▸ Task brief
A faithful, word-for-word copy of the records is required, and it must contain no pictures.

━━━━━ Given records

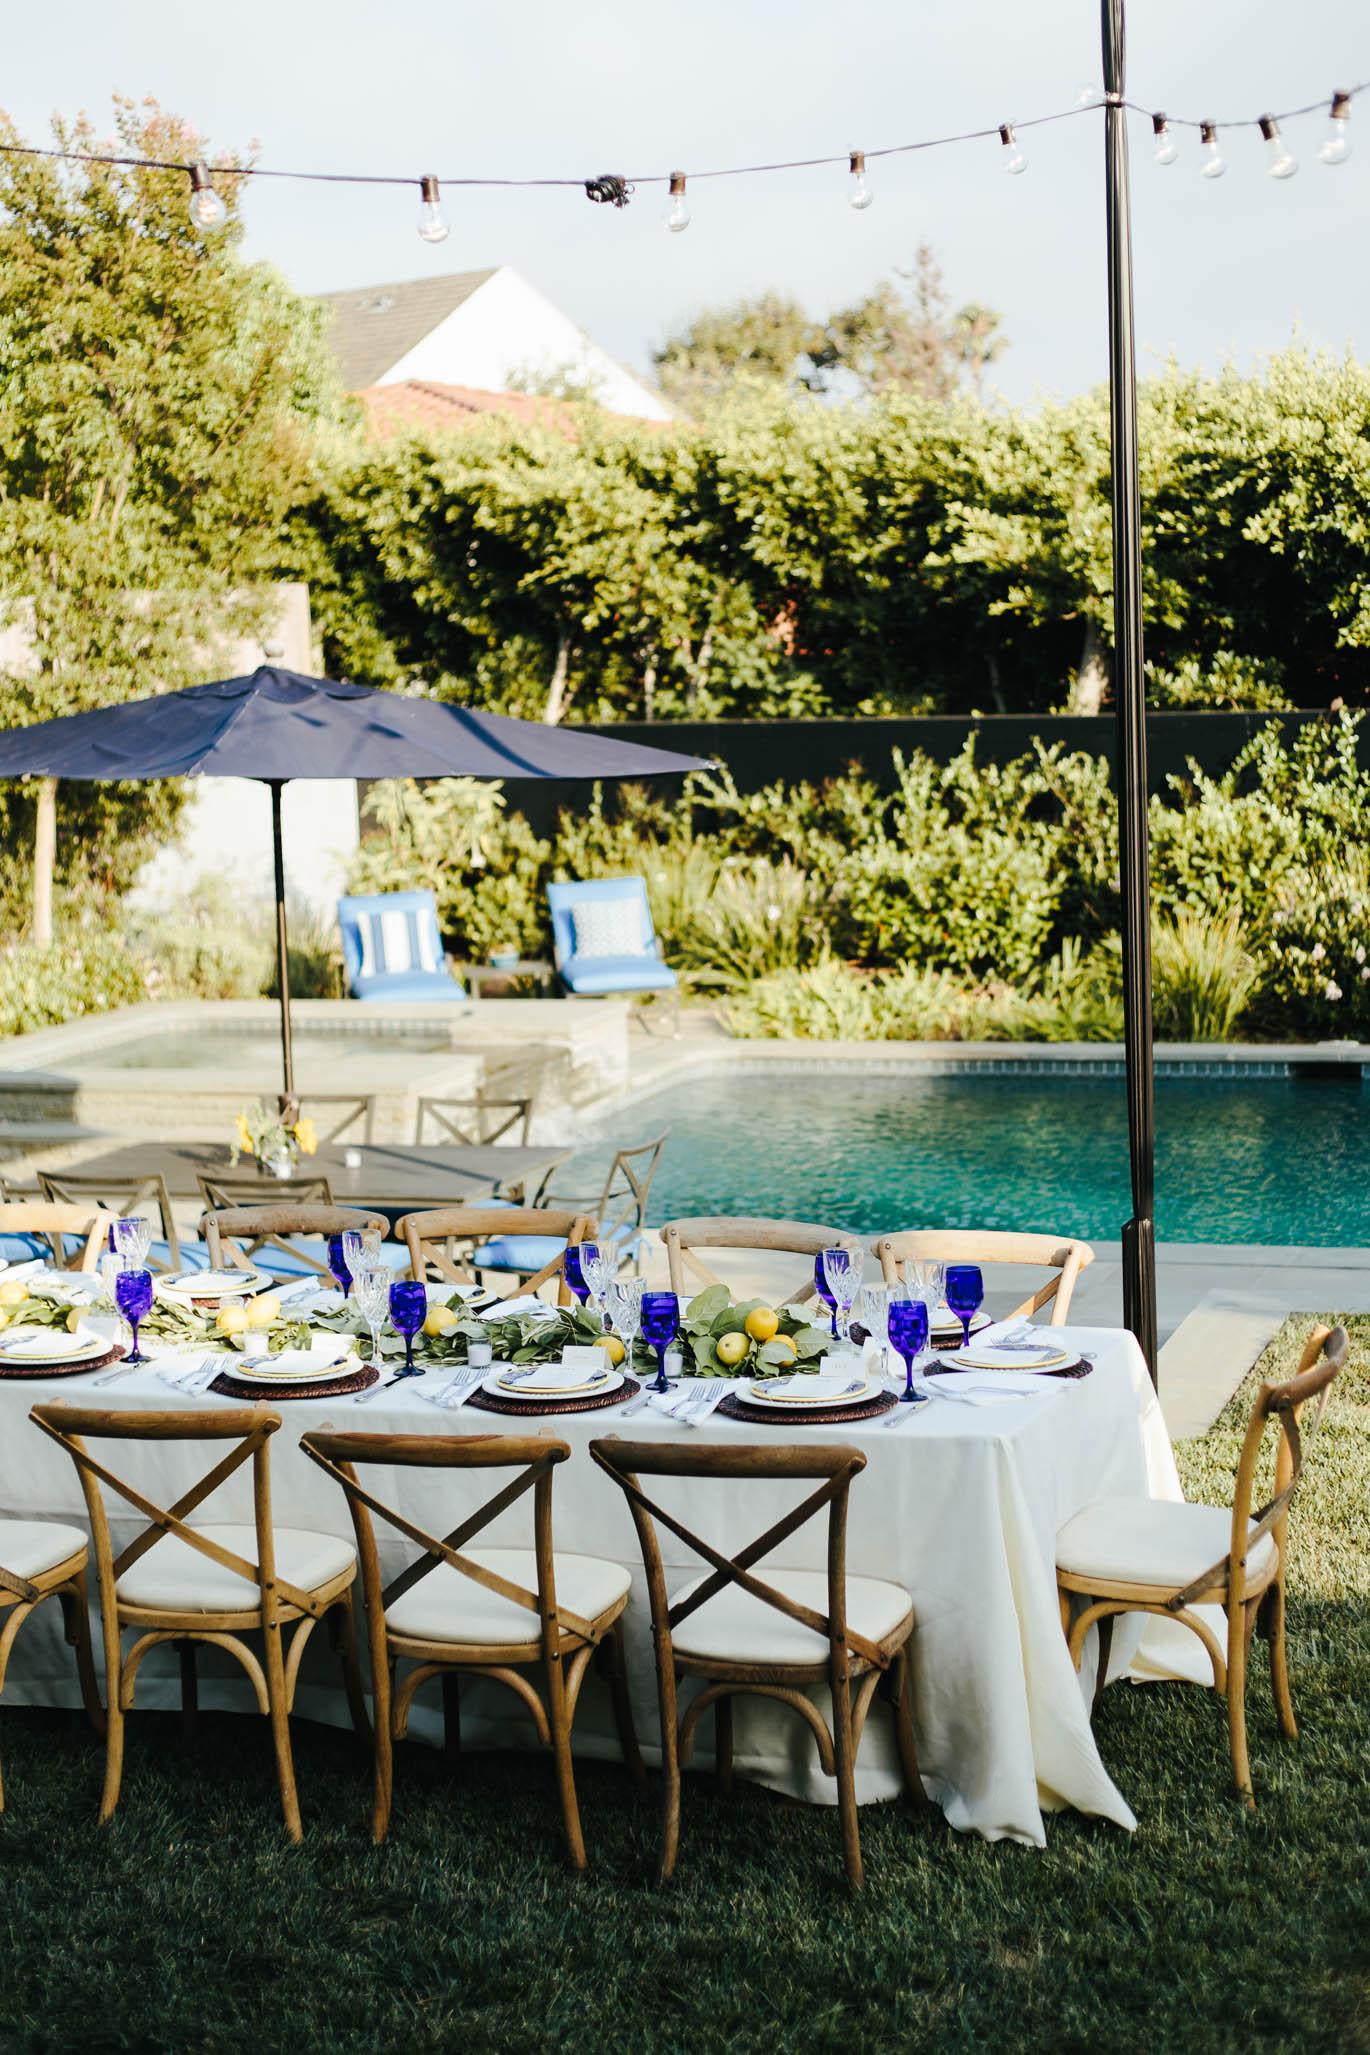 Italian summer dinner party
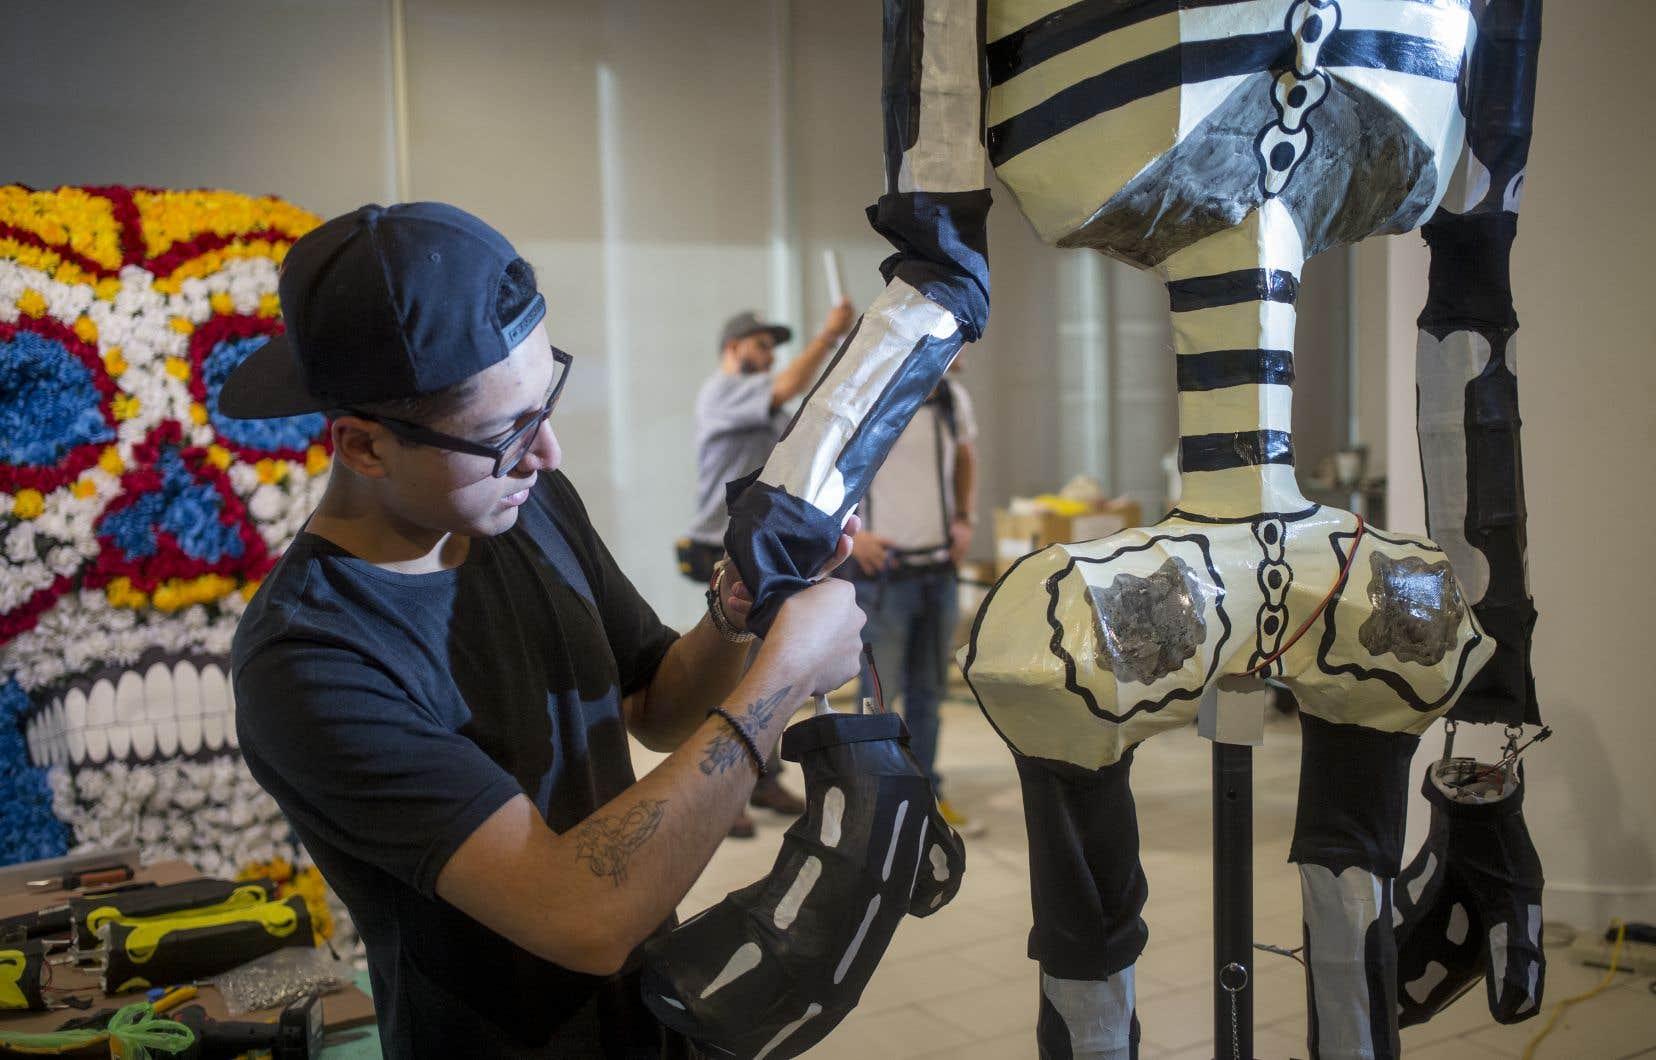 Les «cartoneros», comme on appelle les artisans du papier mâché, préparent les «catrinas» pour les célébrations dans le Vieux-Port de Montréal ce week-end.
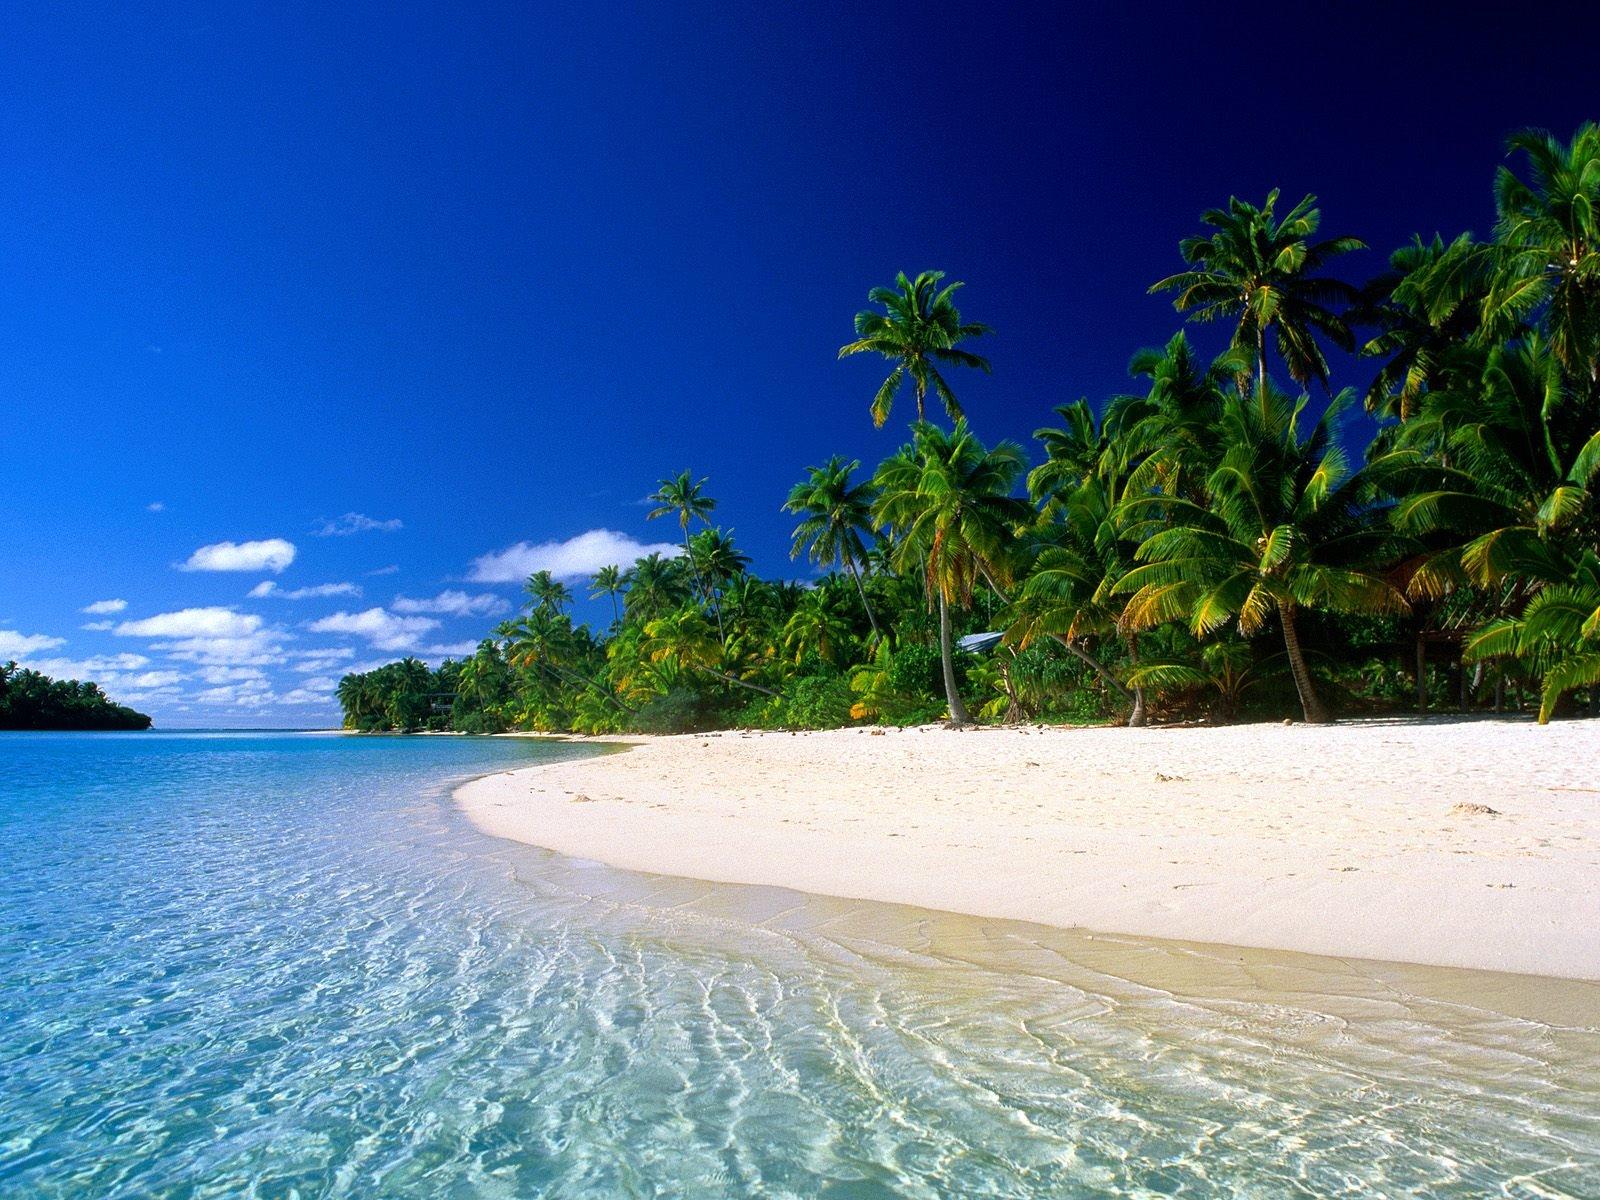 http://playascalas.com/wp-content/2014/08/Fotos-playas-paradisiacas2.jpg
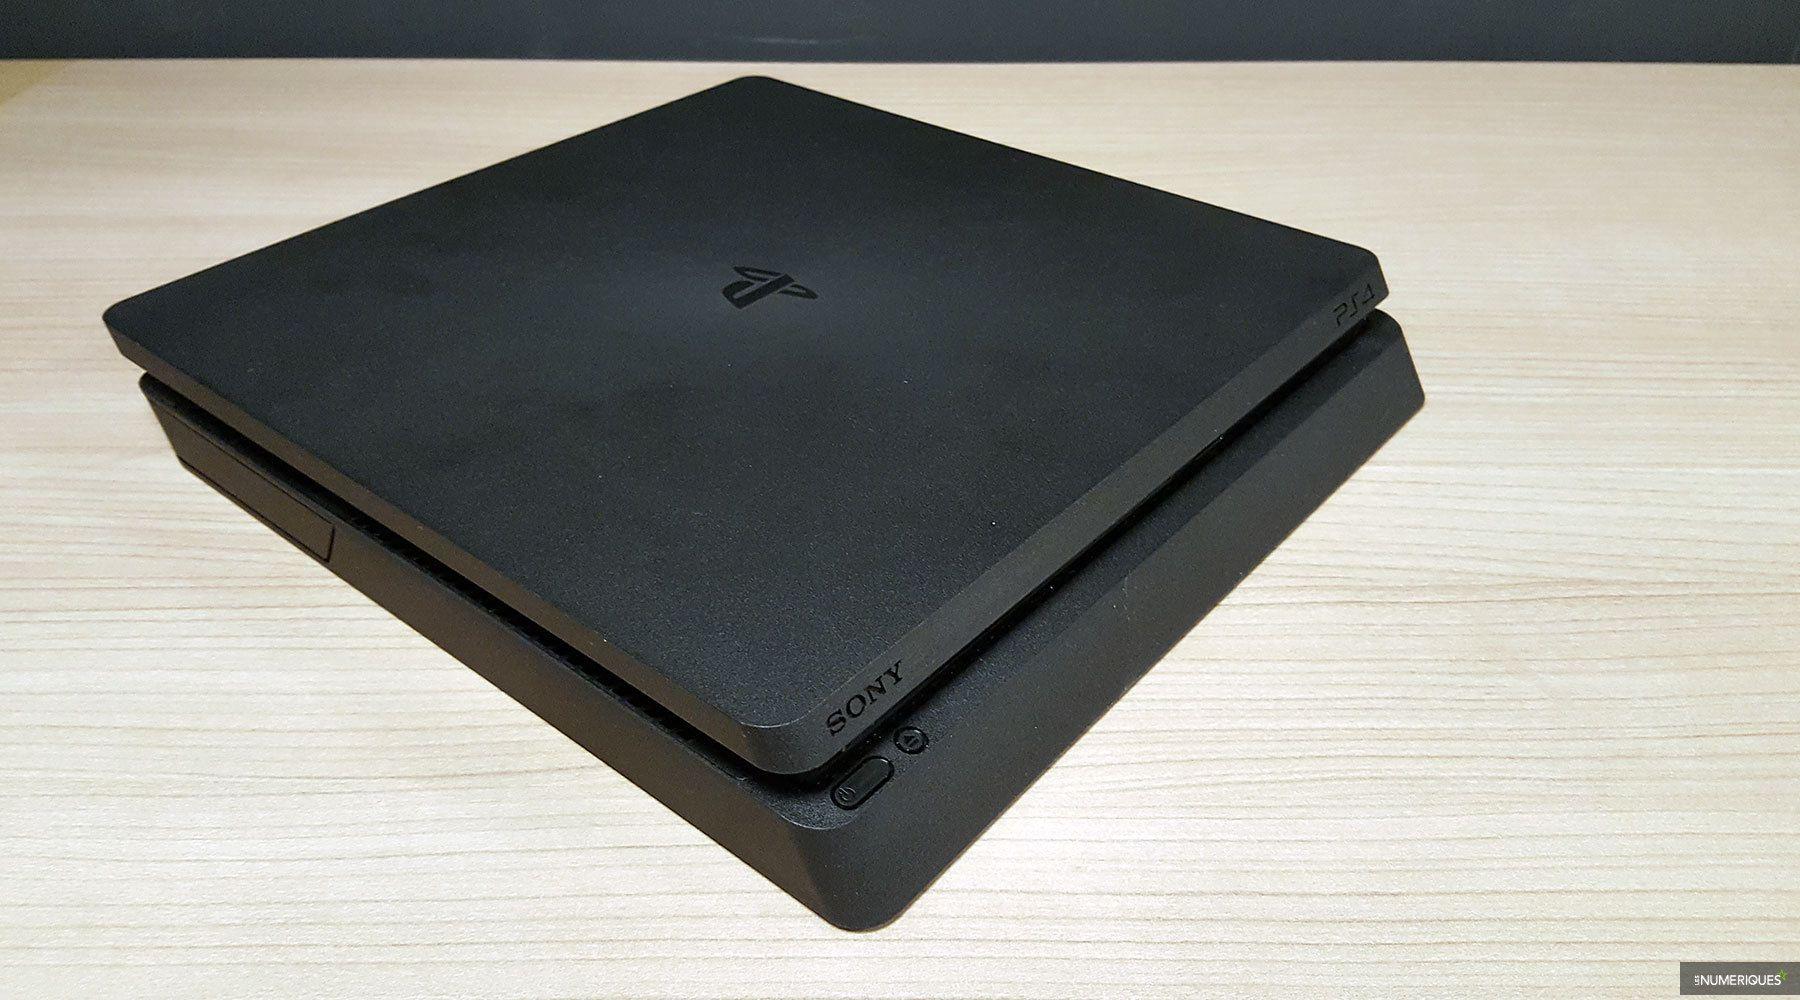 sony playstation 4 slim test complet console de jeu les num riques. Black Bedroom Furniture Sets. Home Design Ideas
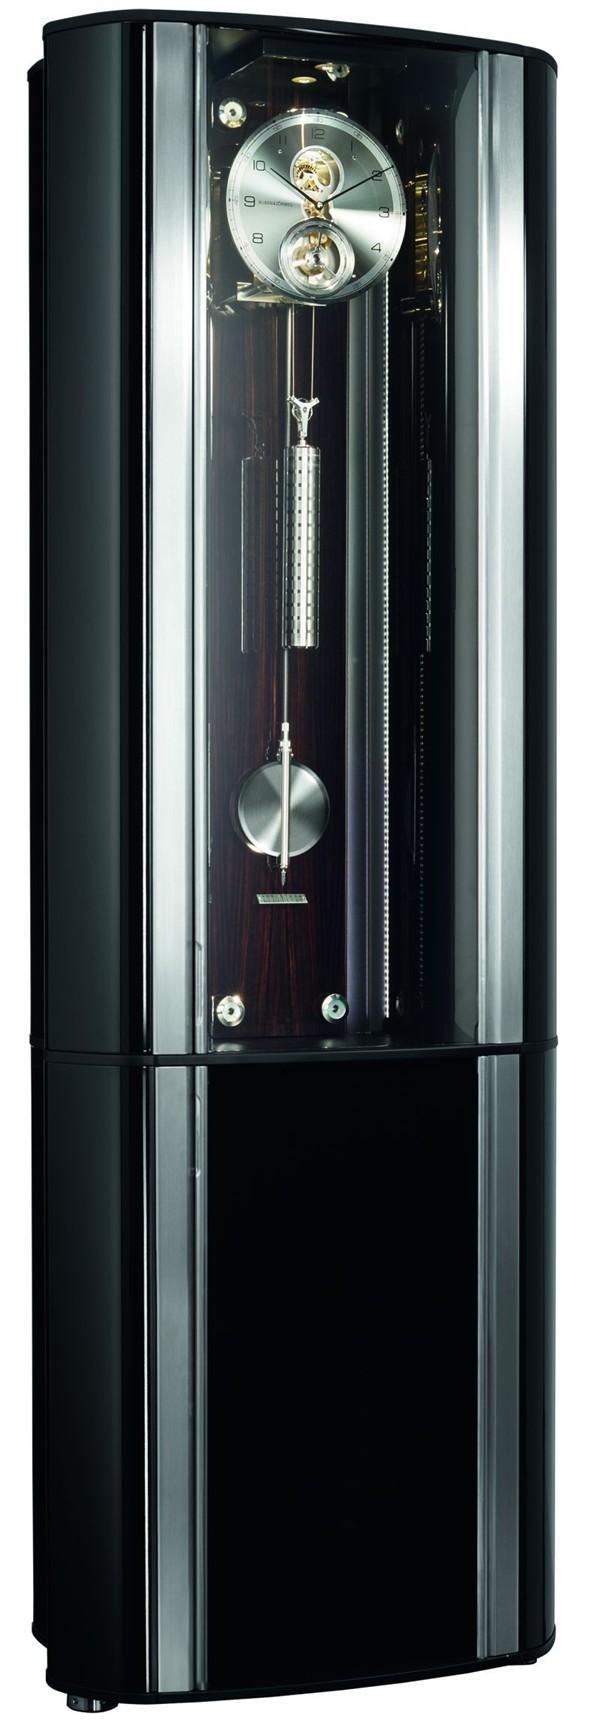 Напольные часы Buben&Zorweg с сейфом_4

━━━━━━━━━━

▸ Written response
 Italian summer dinner party
 Les «cartoneros», comme on appelle les artisans du papier mâché, préparent les «catrinas» pour les célébrations dans le Vieux-Port de Montréal ce week-end.
 http://playascalas.com/wp-content/2014/08/Fotos-playas-paradisiacas2.jpg
 sony playstation 4 slim test complet console de jeu les num riques. Black Bedroom Furniture Sets. Home Design Ideas
 Напольные часы Buben&Zorweg с сейфом_4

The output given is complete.